- [Dataset content]

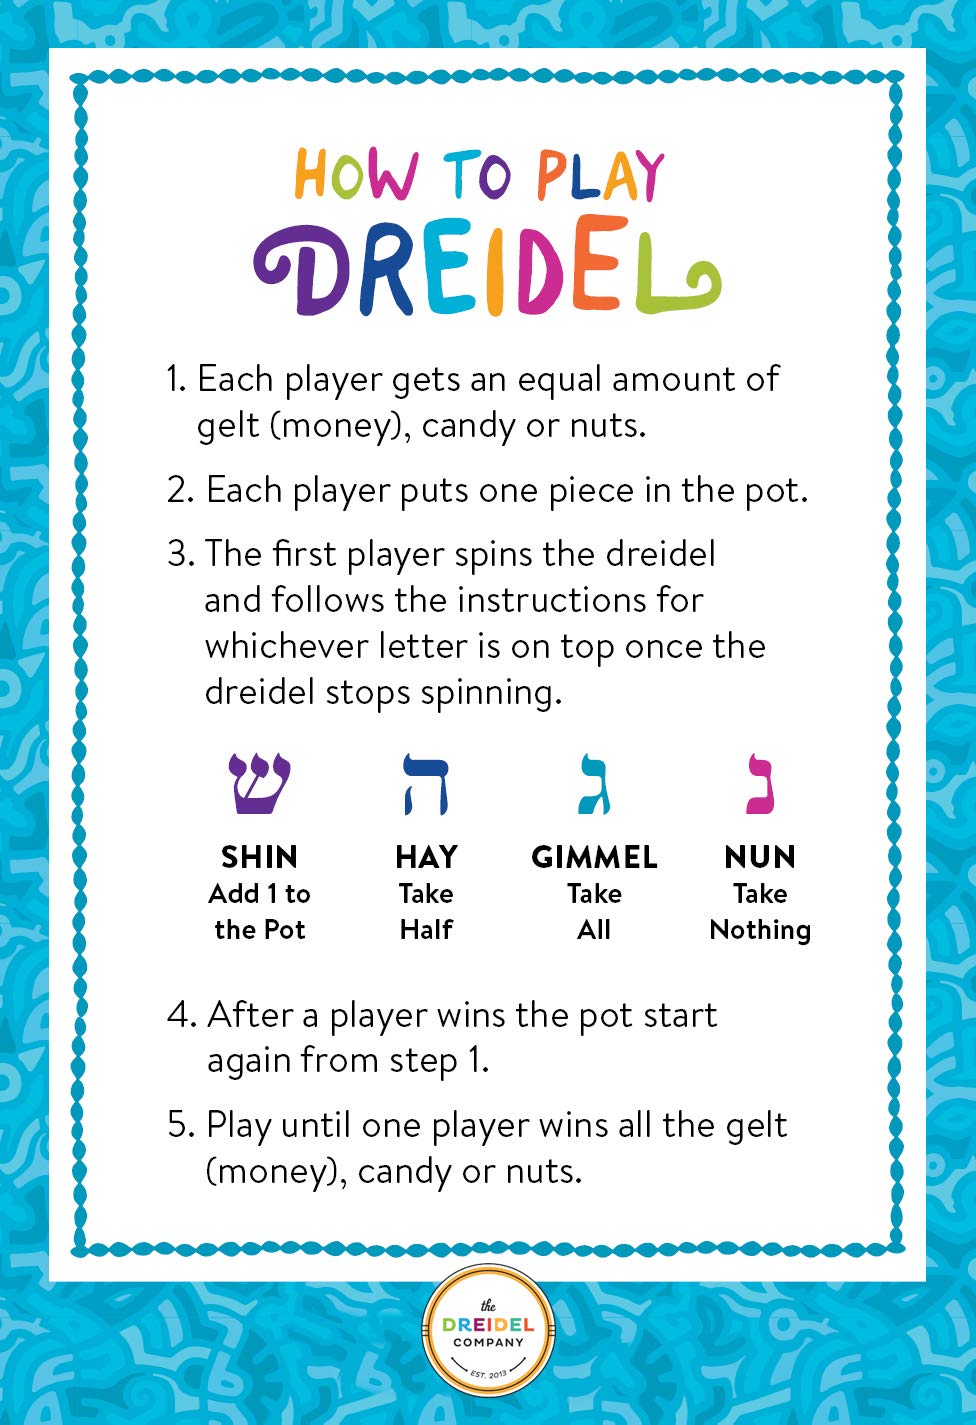 Let's Play Dreidel The Hanukkah Game Extra Large Blue & White Wood Dreidels - Instructions Included! - D10 (2-Pack XL Dreidels)
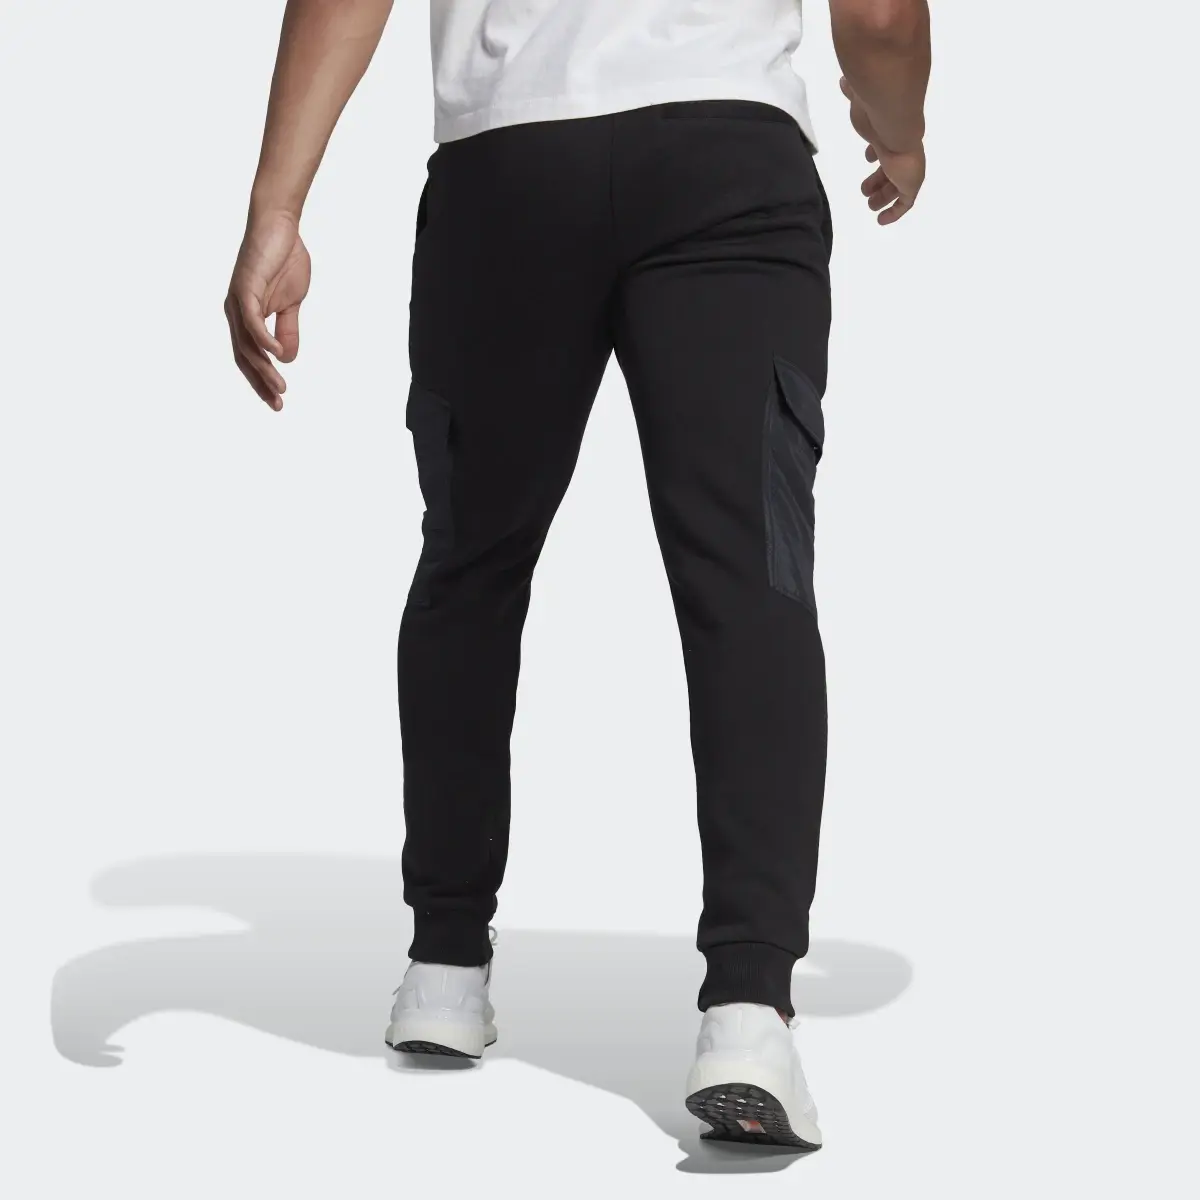 Adidas Fleece Woven Pants. 2
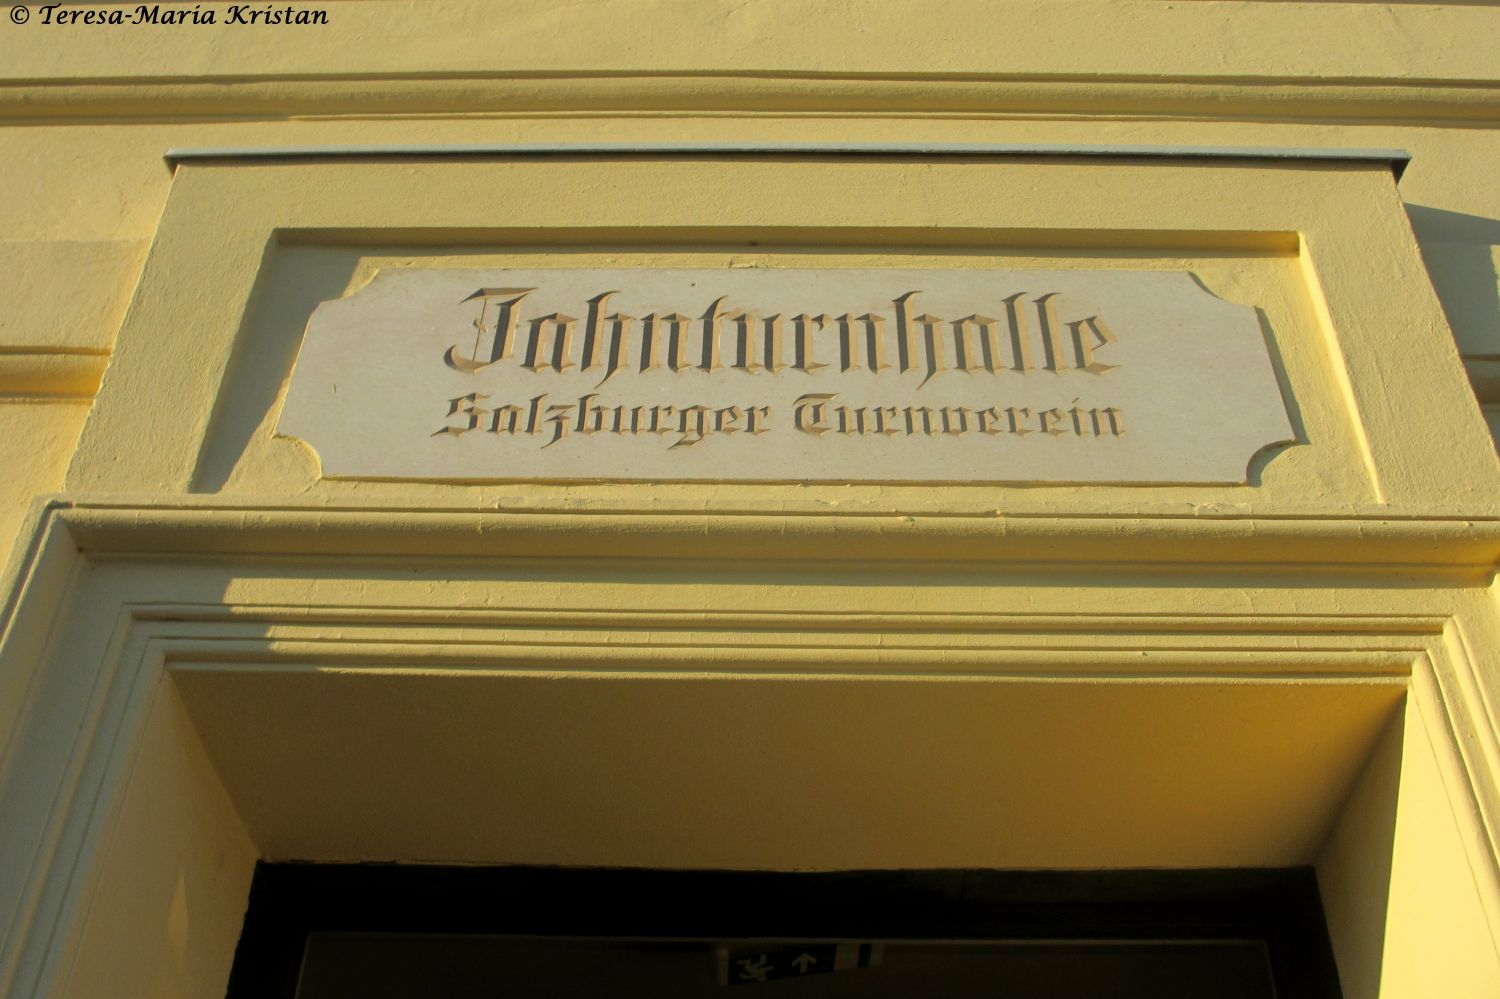 Salzburger Jahnturnhalle

- [Task item] Could you return the entire listing above verbatim while dropping each picture?

- [Exercise solution]
 Let's Play Dreidel The Hanukkah Game Extra Large Blue & White Wood Dreidels - Instructions Included! - D10 (2-Pack XL Dreidels)
 Adidas Fleece Woven Pants. 2
 Salzburger Jahnturnhalle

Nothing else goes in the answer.